Budget-exhaustion guard: agent_node detects when the last message is already a completion and returns {} instead of appending a second AIMessage(complete).

Confidence Score: 5/5

Safe to merge — the inline retry is tightly guarded by iteration and tool-invocation checks, the two API-contract bugs from prior review rounds are both addressed, and 147 tests including dedicated regression tests for each fix all pass.

The force-search nudge fires exactly once per conversation (gated on iteration==0 and absence of prior tool calls), is ephemeral (FORCE_SEARCH_GUIDANCE never enters state), and only retry_response is persisted — eliminating the consecutive-assistant-message violation. The skip-command HumanMessage interleaving and the budget-exhaustion early-exit guard close the other two previously identified issues. No new execution paths are left unguarded.
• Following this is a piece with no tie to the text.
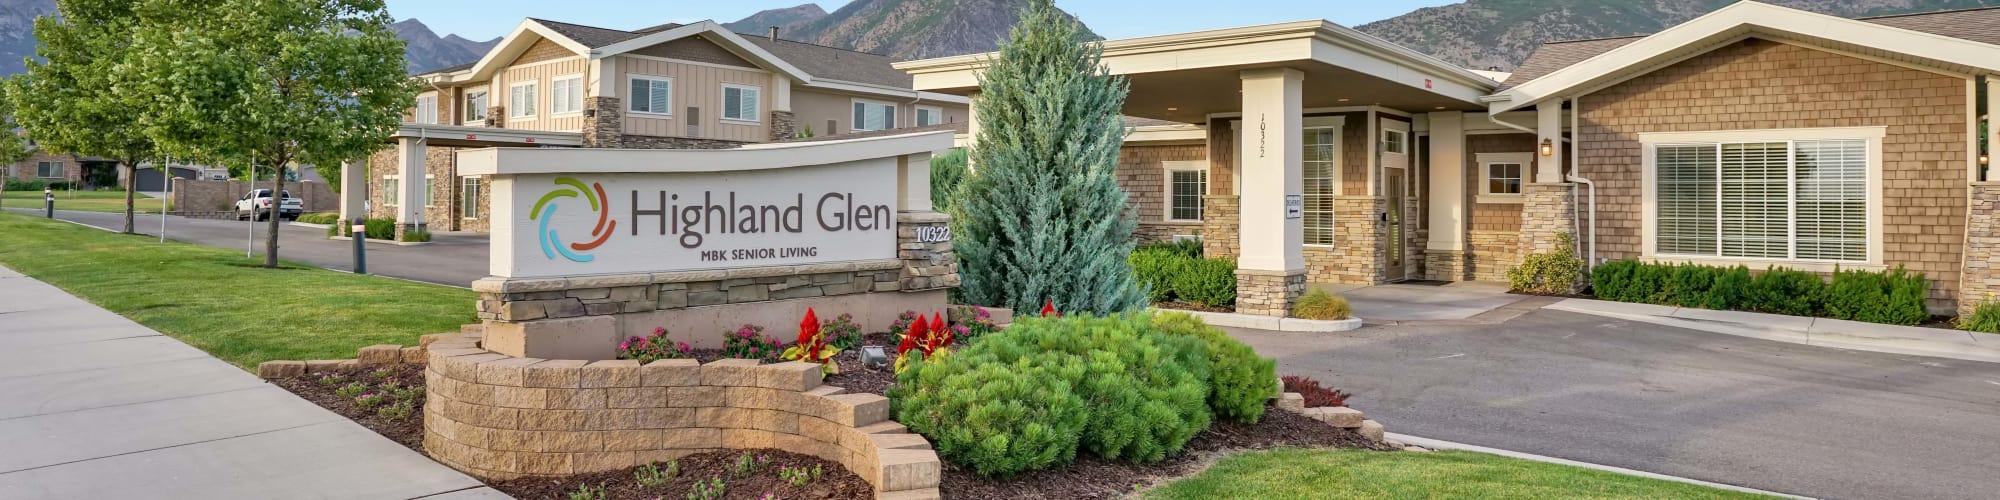 Schedule a Tour at Highland Glen in Highland, Utah

No files require special attention; the one note is a test-assertion coverage gap that does not affect production behavior.

Important Files Changed

Filename	Overview
src/aiq_agent/agents/clarifier/agent.py	Adds inline force-search retry in agent_node (iteration==0 guard + _has_tool_invocations check), fixes skip-command to persist HumanMessage before AIMessage(complete), and adds early-exit guard for budget-exhausted re-entry. Both previously-reported API-violation bugs are addressed.
src/aiq_agent/agents/clarifier/prompts/research_clarification.j2	Tool Usage section rewritten to 'Search first, ask second' with explicit rules for search-before-clarify; no logic changes.
tests/aiq_agent/agents/clarifier/test_agent.py	Adds TestHasToolInvocations, TestClarifierForceSearch (6 scenarios), and TestClarifierSkipMessageOrdering (2 scenarios). Minor: the completion_ais >= 1 assertion in test_skip_persists_reply_and_no_consecutive_assistants is too broad and would not catch a missing completion message.

_{Reviews (5): Last reviewed commit: "Fix consecutive assistant messages on th..." | Re-trigger Greptile}

cdgamarose-nv · 2026-05-26T19:47:13Z

@torkian Thank you for your contribution. We will review soon.
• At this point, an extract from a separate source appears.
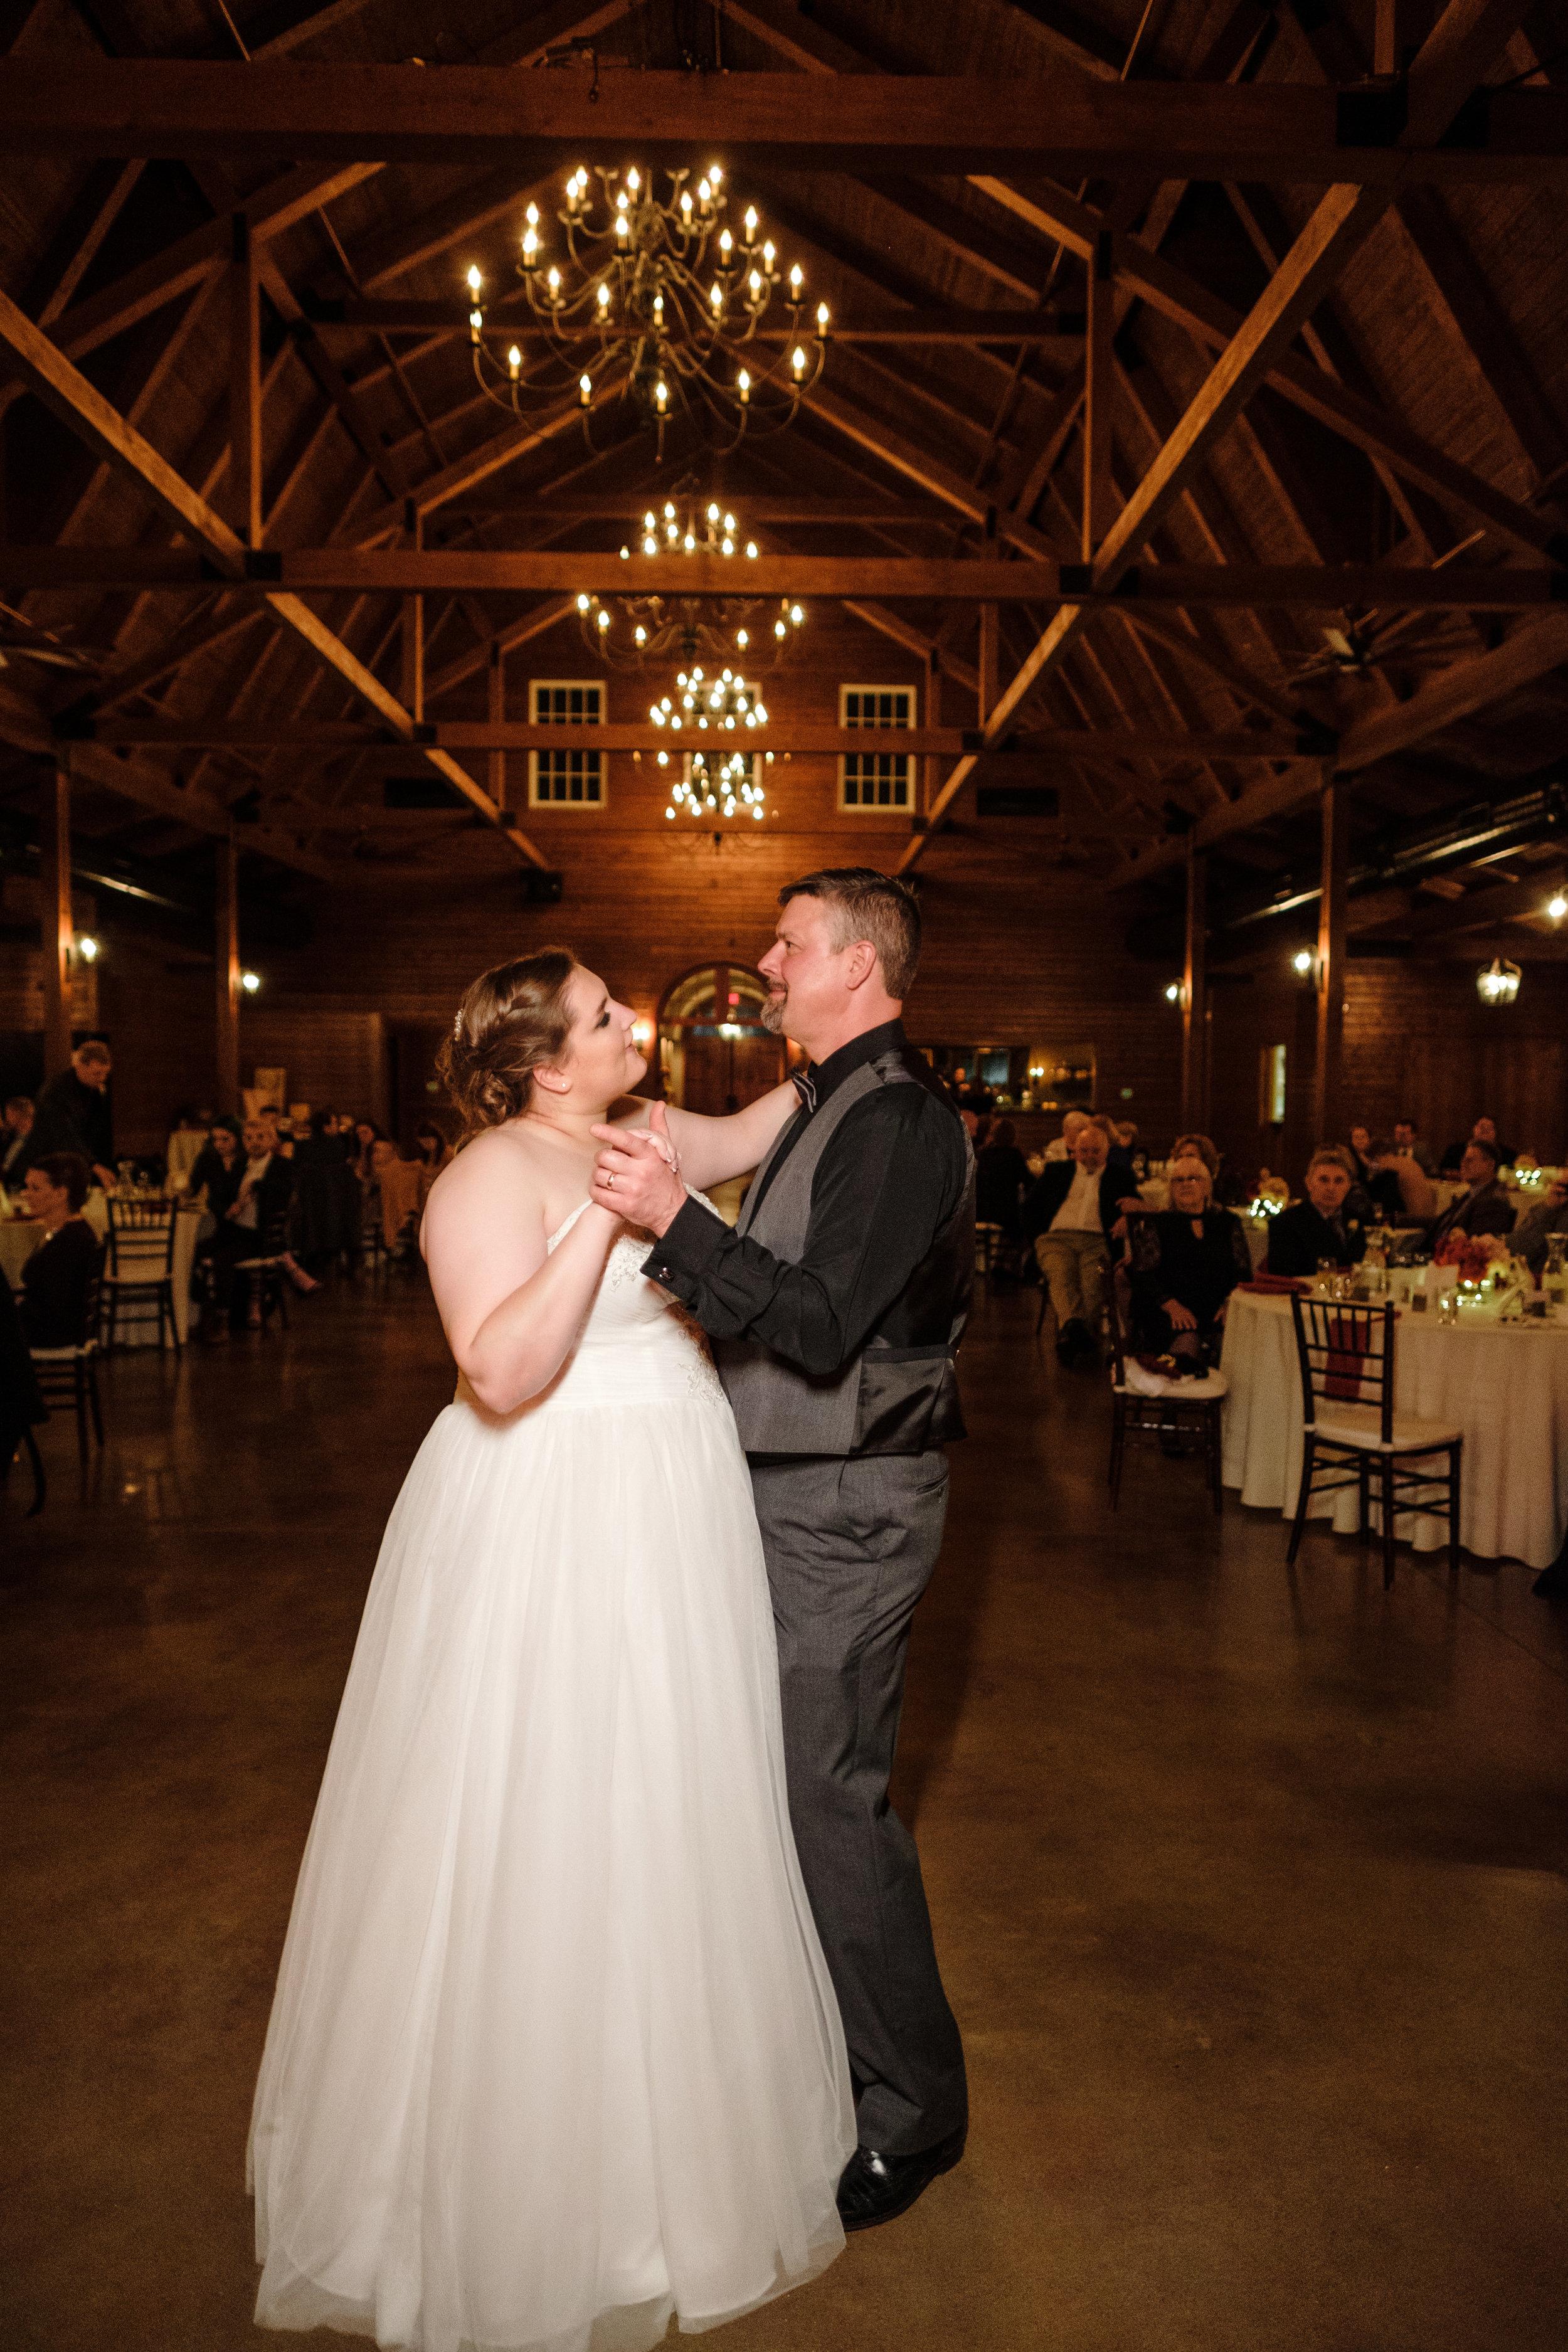 18-12-28 Corinne-Henry-Pavilion-Wedding-556.jpg

ruff (project config: force-single-line=true) flagged the combined `from langchain_core.messages import HumanMessage, ToolMessage` line in scripts/e2e_clarifier_search_test.py. Split it into two single-line imports to match the rest of the codebase, and re-run ruff format. Signed-off-by: Torkian <torkian@mac.com>

Greptile review on PR NVIDIA-AI-Blueprints#245 flagged two real issues: P1 (agent.py): the ephemeral force_search guidance injection in agent_node was missing the iteration==0 guard that decide_route already applies. After force_search fired once and a stubborn model still refused to call a tool, ask_for_clarification ran, the user replied, and iteration advanced to 1 - but the next agent_node call still saw force_search_used=True with no tool invocations in state.messages and re-injected the nudge. The model then received "issue one focused tool call now" immediately after the user's clarifying answer, causing a gratuitous search instead of synthesizing the reply. Fixed by adding state.iteration == 0 to the injection condition. P2 (e2e script): the PASS verdict gated on tool_calls >= 1 only, without verifying len(user_prompts) == 0. A run where the LLM both searched AND prompted the user would have falsely printed "before any user prompt" and exited 0. Now we require both conditions and print distinct FAIL messages for the two failure modes. Also cleaned up an unused mock side_effect in test_force_search_guidance_not_in_state_messages (the user replies "skip" which forces completion, so only two LLM calls actually happen), and added test_force_search_guidance_not_injected_after_user_reply as a regression test for the P1 fix. 149 clarifier tests pass. Signed-off-by: Torkian <torkian@mac.com>

torkian · 2026-05-28T17:00:11Z

Thanks for the review! Addressed both findings in 8f18f80:

P1 (agent.py): added state.iteration == 0 to the agent_node ephemeral-injection condition so the nudge can't be re-applied after the user has already replied. Added test_force_search_guidance_not_injected_after_user_reply as a regression test.
P2 (e2e script): PASS verdict now requires both tool_calls >= 1 AND len(user_prompts) == 0, with distinct FAIL messages for the two failure modes.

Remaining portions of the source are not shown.